● The problem: Repeat everything in the listing exactly, except for the images.

= Beginning of Section =

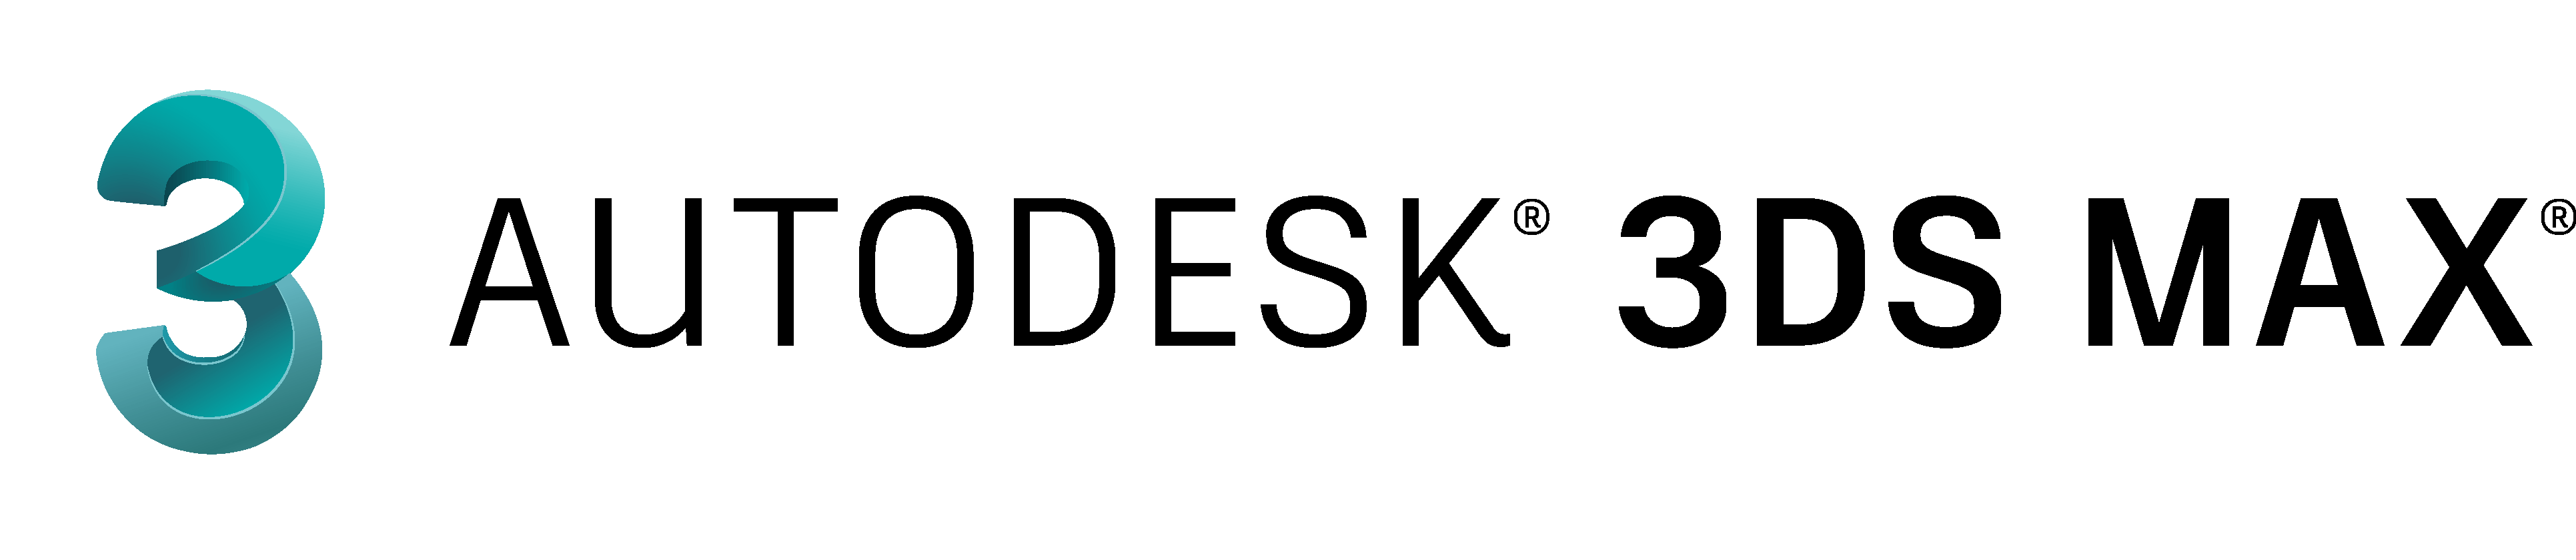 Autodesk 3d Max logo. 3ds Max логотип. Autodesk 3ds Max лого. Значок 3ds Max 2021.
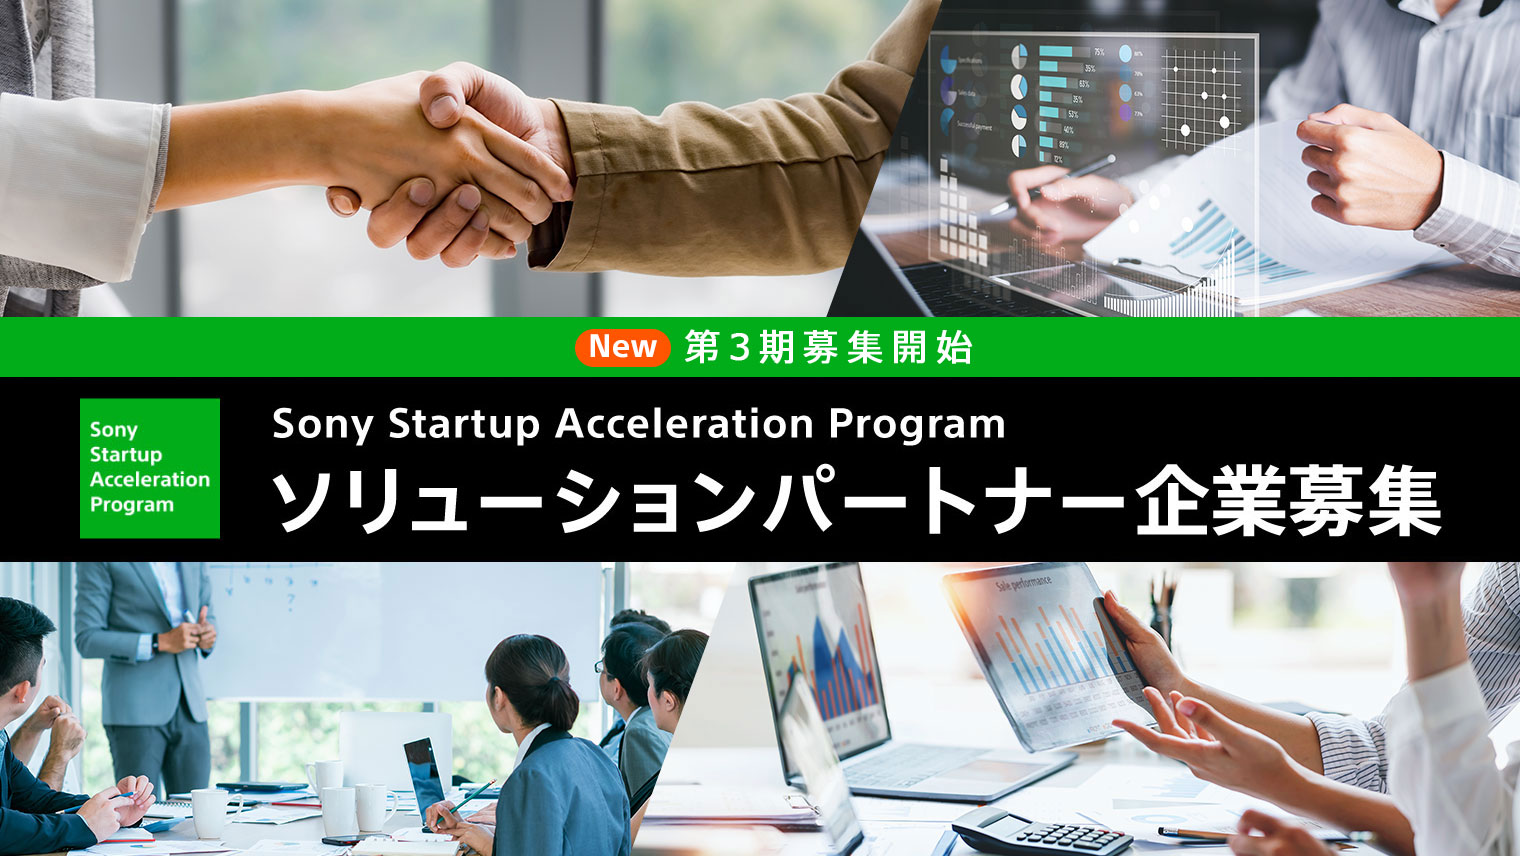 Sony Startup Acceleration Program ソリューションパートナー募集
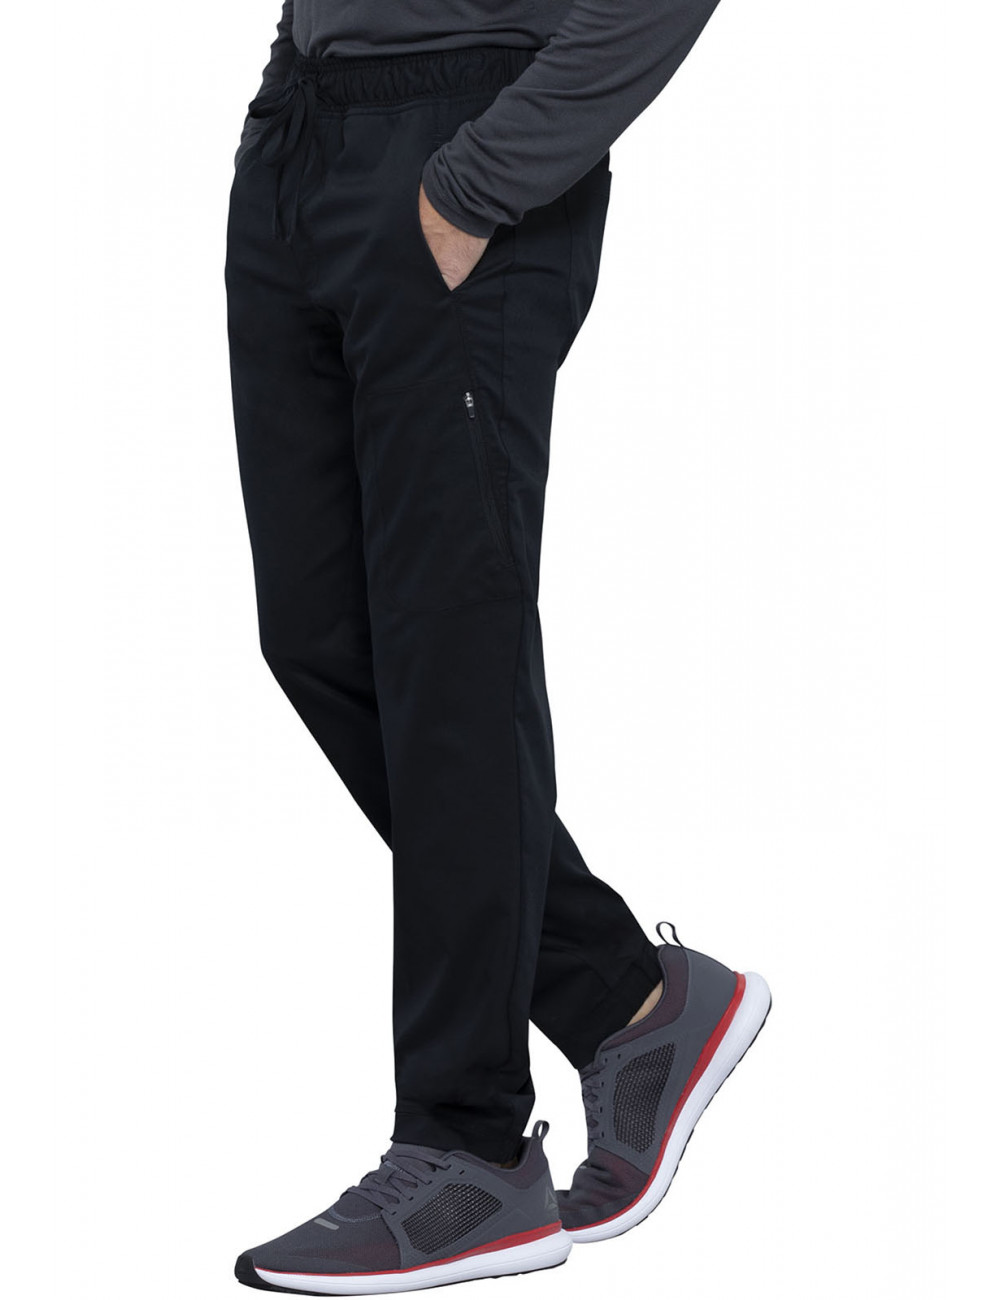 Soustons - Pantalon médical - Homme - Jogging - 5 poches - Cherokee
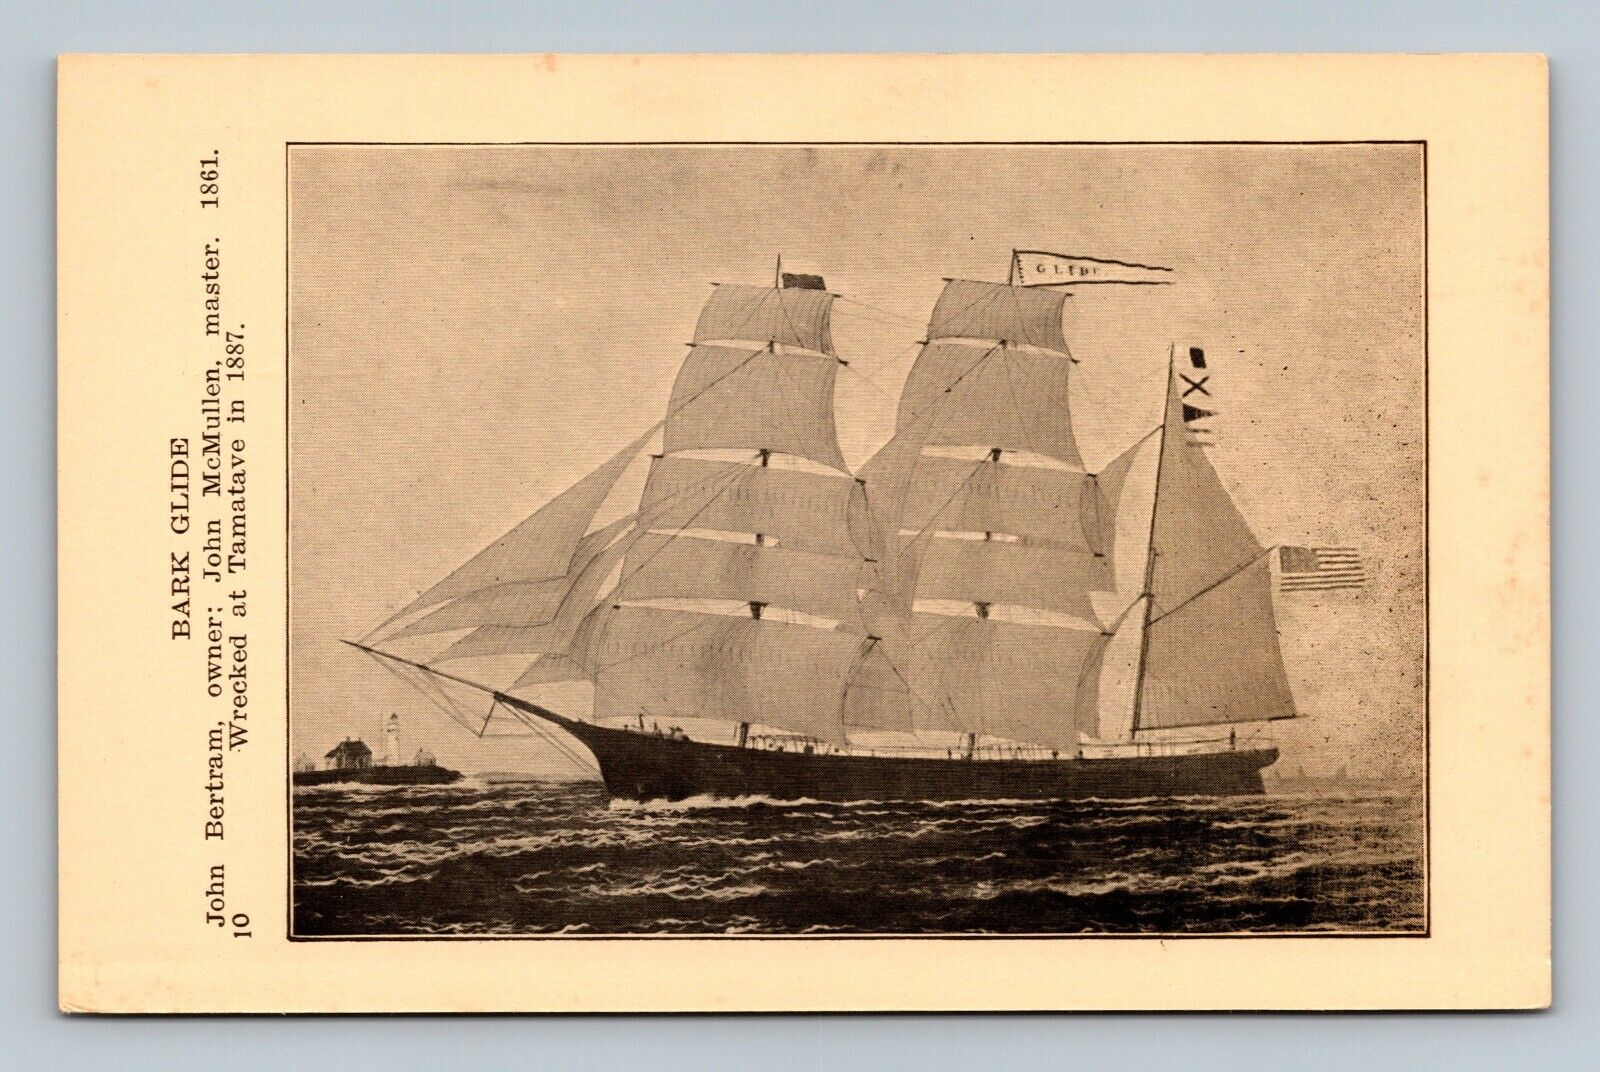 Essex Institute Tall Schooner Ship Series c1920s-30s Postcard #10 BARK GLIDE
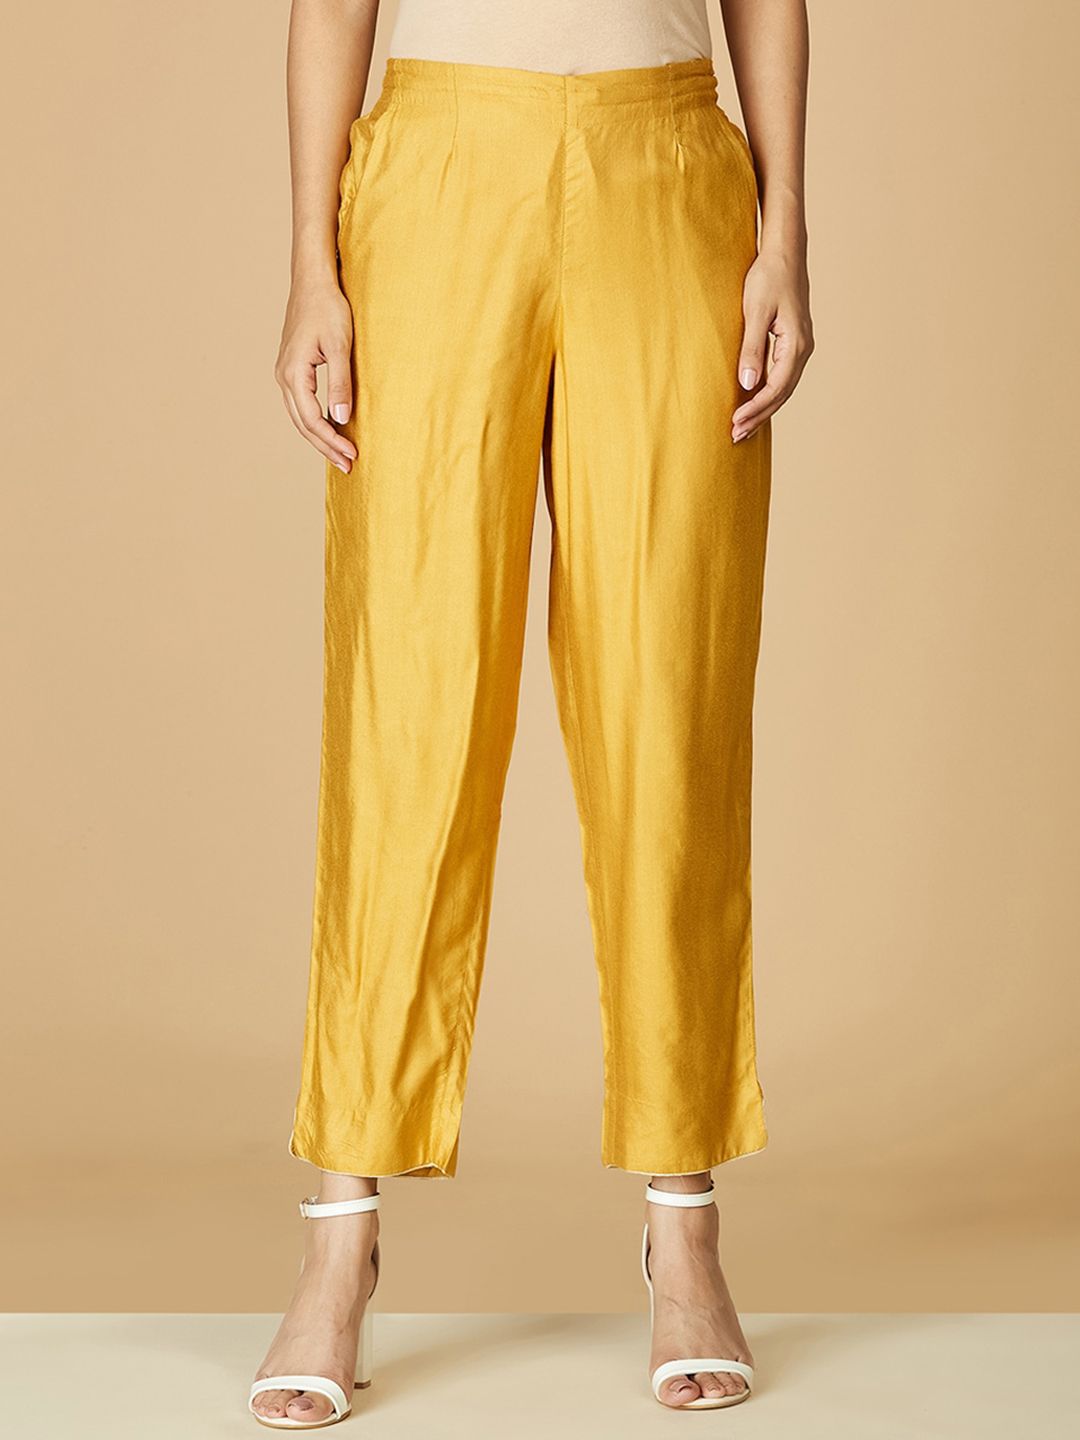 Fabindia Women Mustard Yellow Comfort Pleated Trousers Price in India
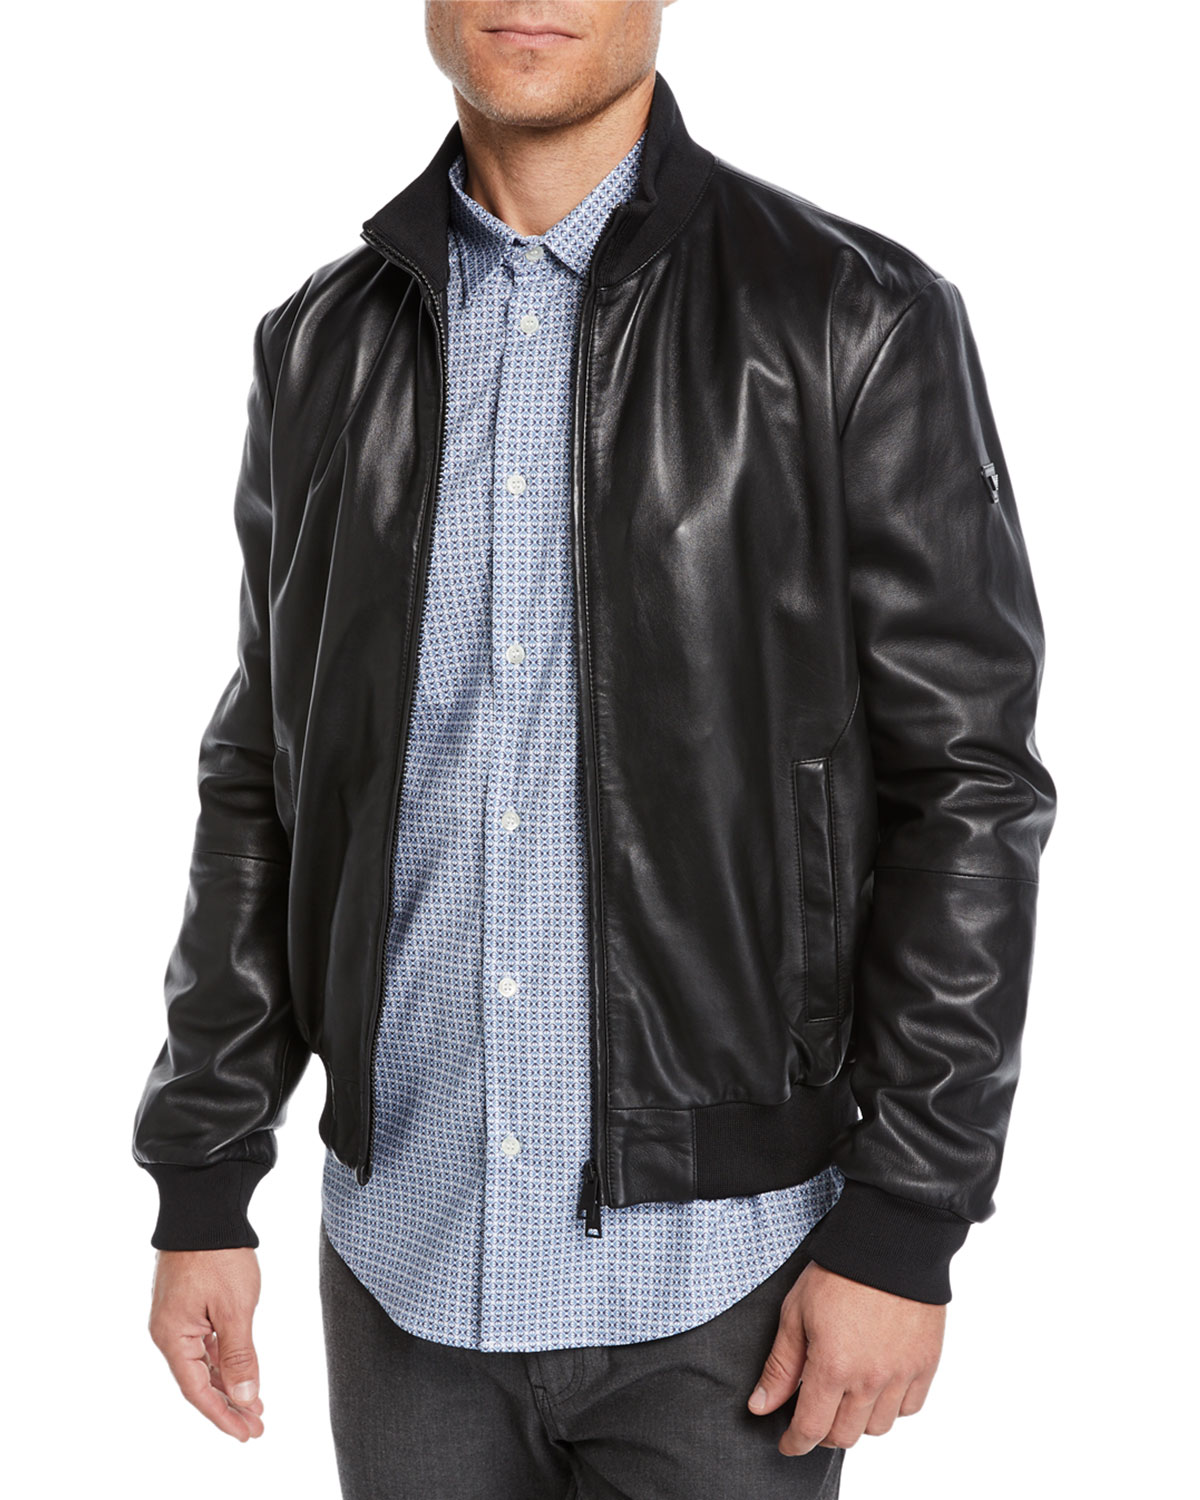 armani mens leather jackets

= End of Section =

● Expected output:
 Autodesk 3d Max logo. 3ds Max логотип. Autodesk 3ds Max лого. Значок 3ds Max 2021.
 Sony Startup Acceleration Program ソリューションパートナー募集
 Soustons - Pantalon médical - Homme - Jogging - 5 poches - Cherokee
 Essex Institute Tall Schooner Ship Series c1920s-30s Postcard #10 BARK GLIDE
 Fabindia Women Mustard Yellow Comfort Pleated Trousers Price in India
 armani mens leather jackets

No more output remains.